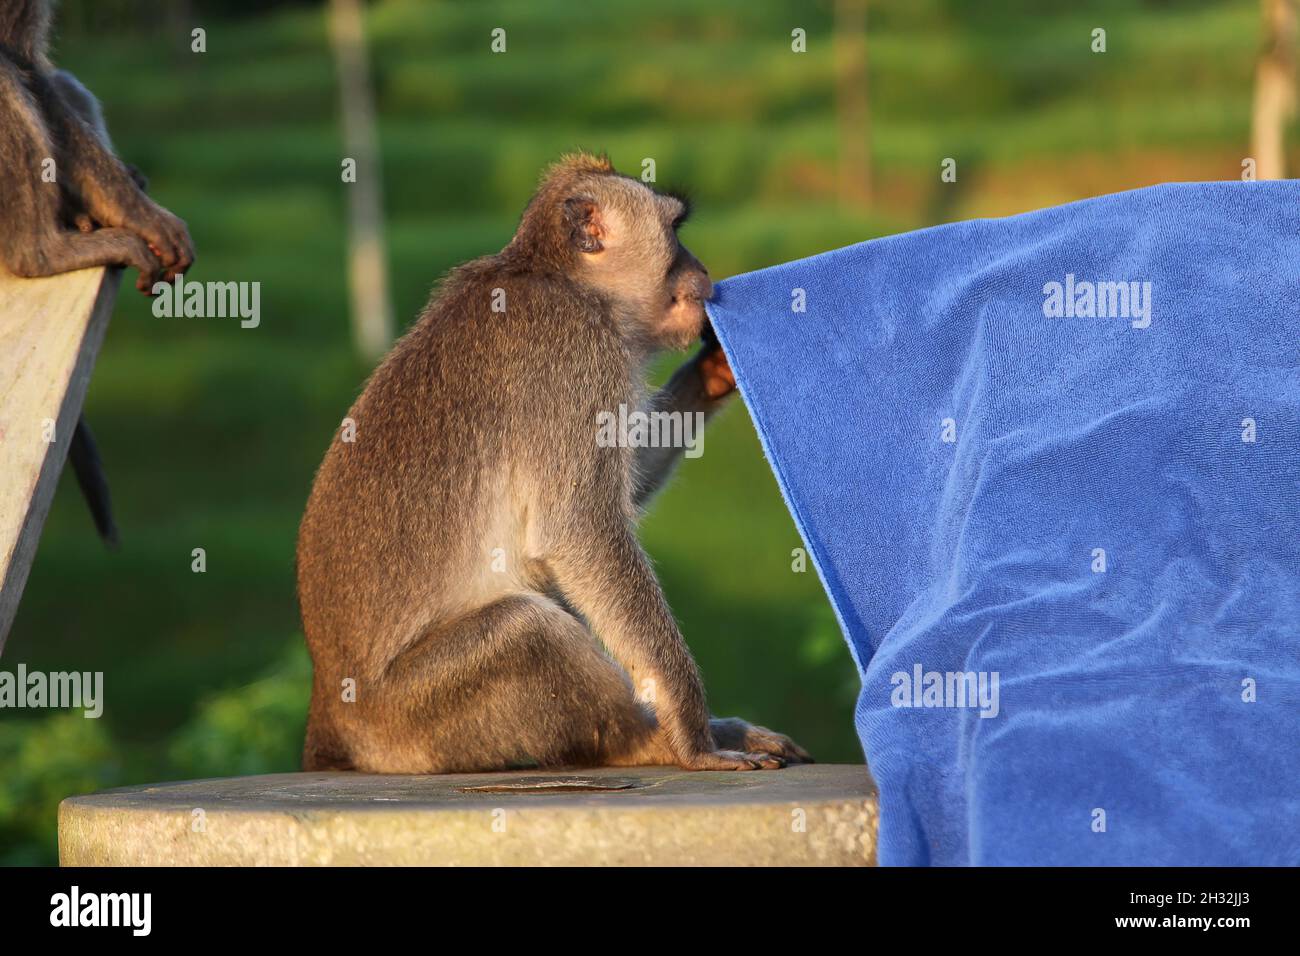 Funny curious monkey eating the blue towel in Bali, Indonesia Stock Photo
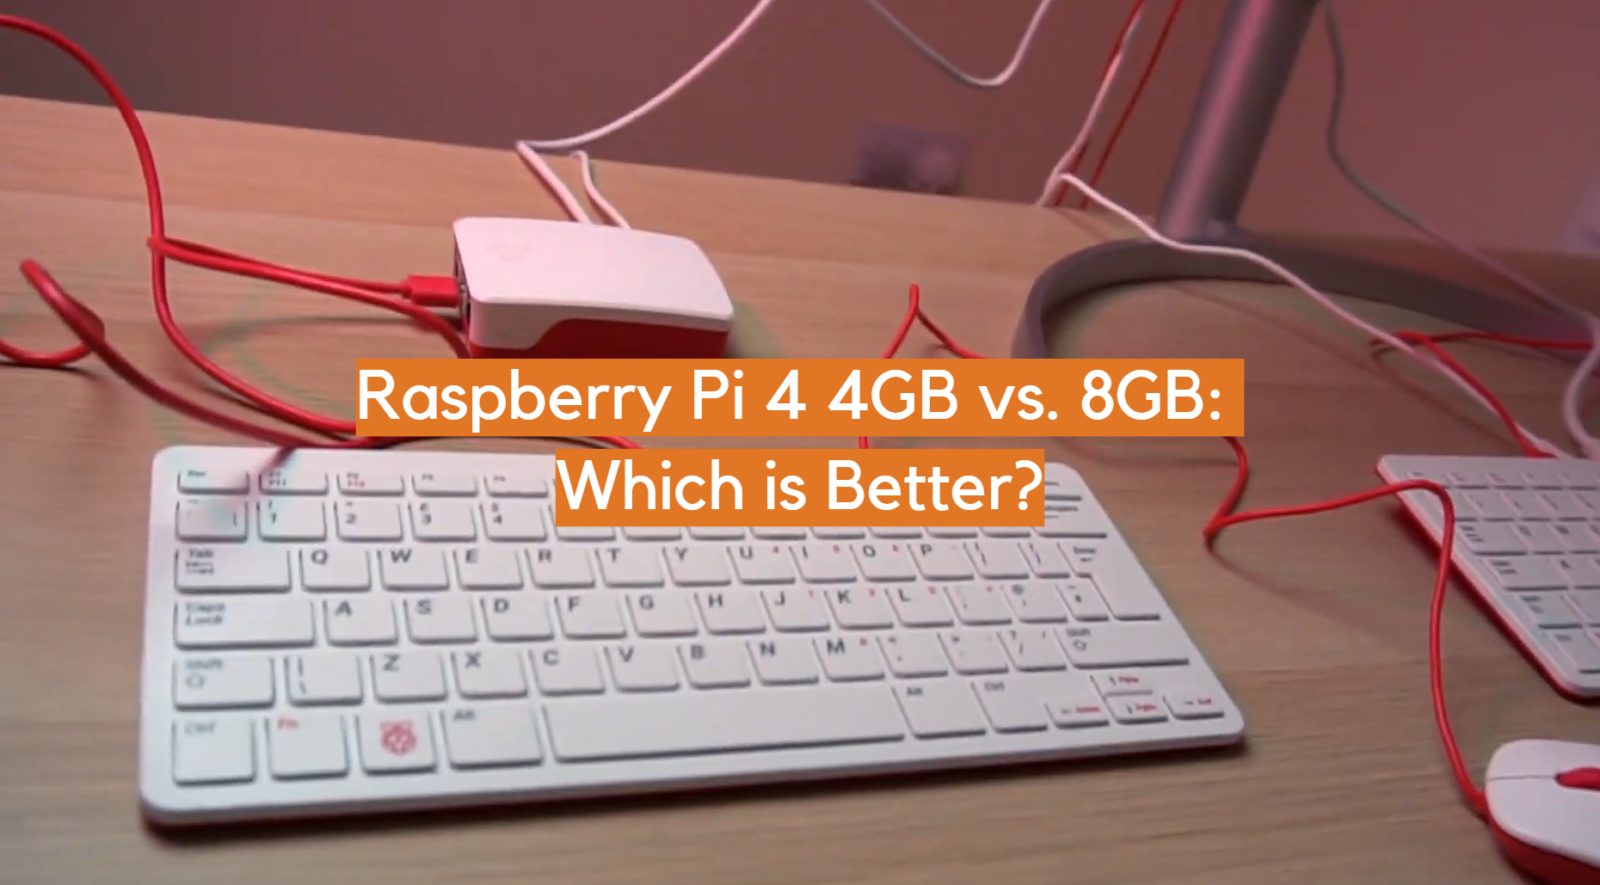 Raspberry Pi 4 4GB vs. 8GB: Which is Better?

▬▬▬

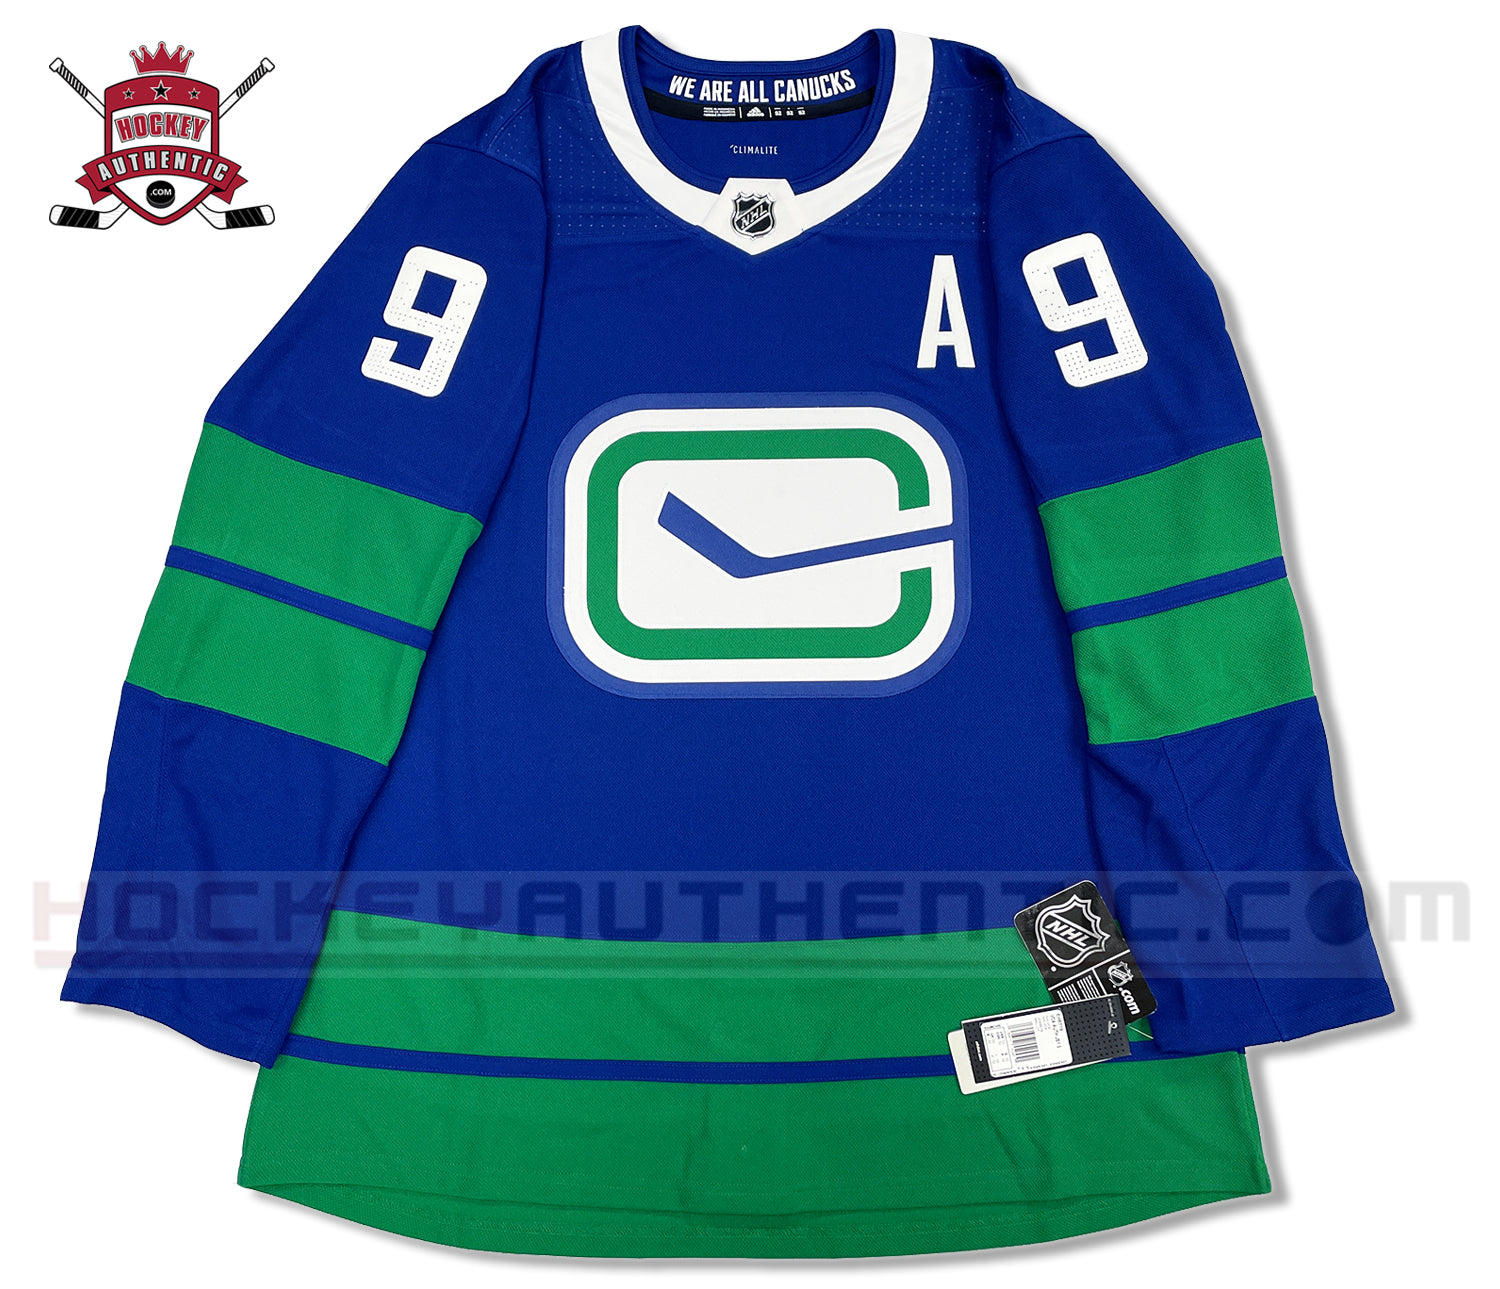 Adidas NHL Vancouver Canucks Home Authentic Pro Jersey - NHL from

▬▬▬

Leaving out each picture, repeat exactly the lines above from the one that contains "Funny curious monkey" through the one that contains "Raspberry Pi 4 4GB vs. 8GB: Which is Better?".

## Result of the exercise
 Funny curious monkey eating the blue towel in Bali, Indonesia Stock Photo
 Raspberry Pi 4 4GB vs. 8GB: Which is Better?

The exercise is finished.